Funny. But I don’t think McClellan is Piggy. Piggy was a pitiable character, whose wretched desperation without his glasses was excruciatingly sad; I felt bad for Piggy, even as I wanted to smack him in the head and tell him to get with the program for his own good. If a giant rock fell on McClellan’s head, I’d probably have as much sympathy as I would at the sight of any other crushed robot programmed to lie to me on a daily basis.

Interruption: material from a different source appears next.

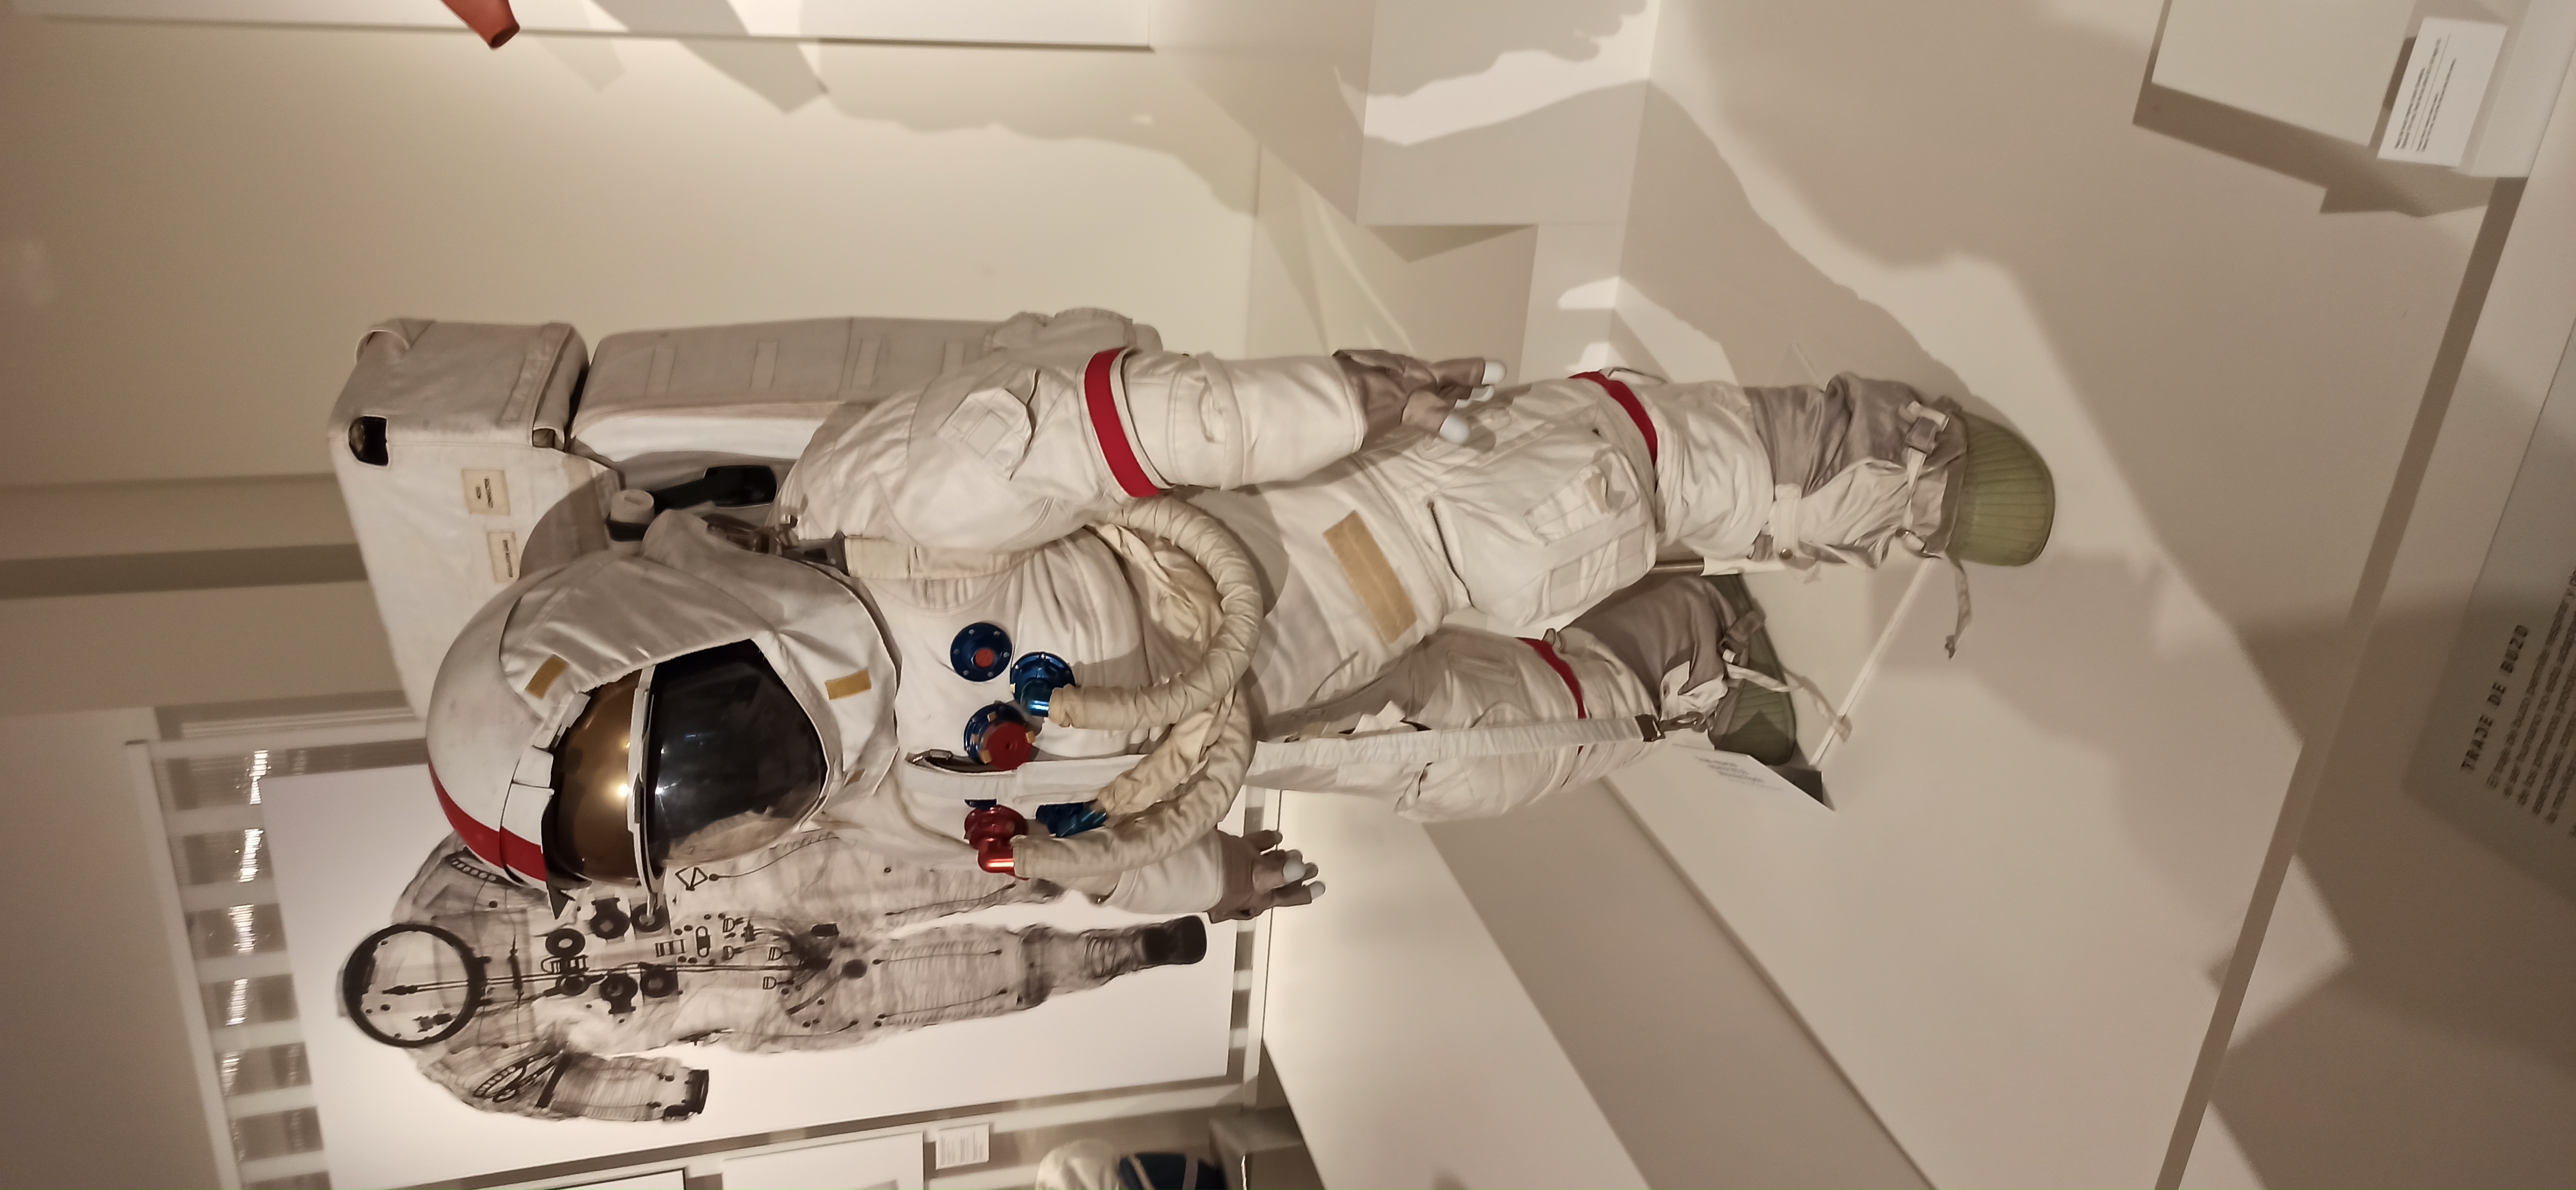 Se muestra una imagen de un astronauta

I understand the impulse, though. There was a time I almost had some compassion for McClellan. He reminds me of a doughy freshman waterboy, who didn’t mind that the football players snapped his ass with wet towels and put their stinky jockstraps on his head for a laugh, because at least he got to be near them. He seemed hopeful of being cool by association, without, seemingly, the faintest notion that the coolness to which he aspired was not really cool at all, but a bombastic cruelty masking the chronic insecurity of vapid cowards, in spite of their undeserved privilege. I remember seeing such kids when I was of that age, kids about whom I’d think, “You’re so much more interesting than the cads you adore, or would be, if you stopped adoring them.” It was a posture that has always made me blanch, even as it has evoked my sympathy.
Those kids went one of two ways, after spending some amount of time swallowing their pride as their unworthy idols heaped abuse upon them for a passing amusement. Either they eventually wised up, and when a nicer, if not so popular, group of kids extended a tacit invitation to become part of their peer group, they gladly, and with some relief, accepted—or they never learned, internalizing the bullying, and, instead of extricating themselves from the group of nonfriends, lashed out at anyone who had the distinct misfortune of being even more vulnerable than they were. The hopeless wannabes, insistent on standing their ground and fueled by a gossamer promise of social elevation that would never come to fruition, were, in the end, the meanest of the lot. They were the ones who would pick on the cripples, the retards, the fags, the fat kids, the kid with the lazy eye. They’d serve as court jester to the kings by teasing a Downs classmate with a game of keepaway, hating him only because they refused to admit they hated themselves.
McClellan’s stuck with it. The captain of the team stays the course, and, by god, so does he. I can precisely imagine his being greeted after a tough Q&A by having his behind snapped with a GWB-monogrammed towel. And every day he waits on the sidelines and watches the team captain with all his pals—Big Time, Turd Blossom, Tangent Man, Guru, Fredo—and he wonders when he’ll get a nickname, too. Because that would be just so cool. And it’s the least he deserves after defending the whole lot of them every single day, after being so loyal for oh so long.
I don’t know if McClellan read Lord of the Flies when he was in high school, or Animal Farm, or whether he was too busy lugging water around. It certainly seems like he read Emerson though: “A foolish consistency is the hobgoblin of little minds, adored by little statesmen and philosophers and divines.” I just don’t think he got it. It wasn’t designed as a recommendation.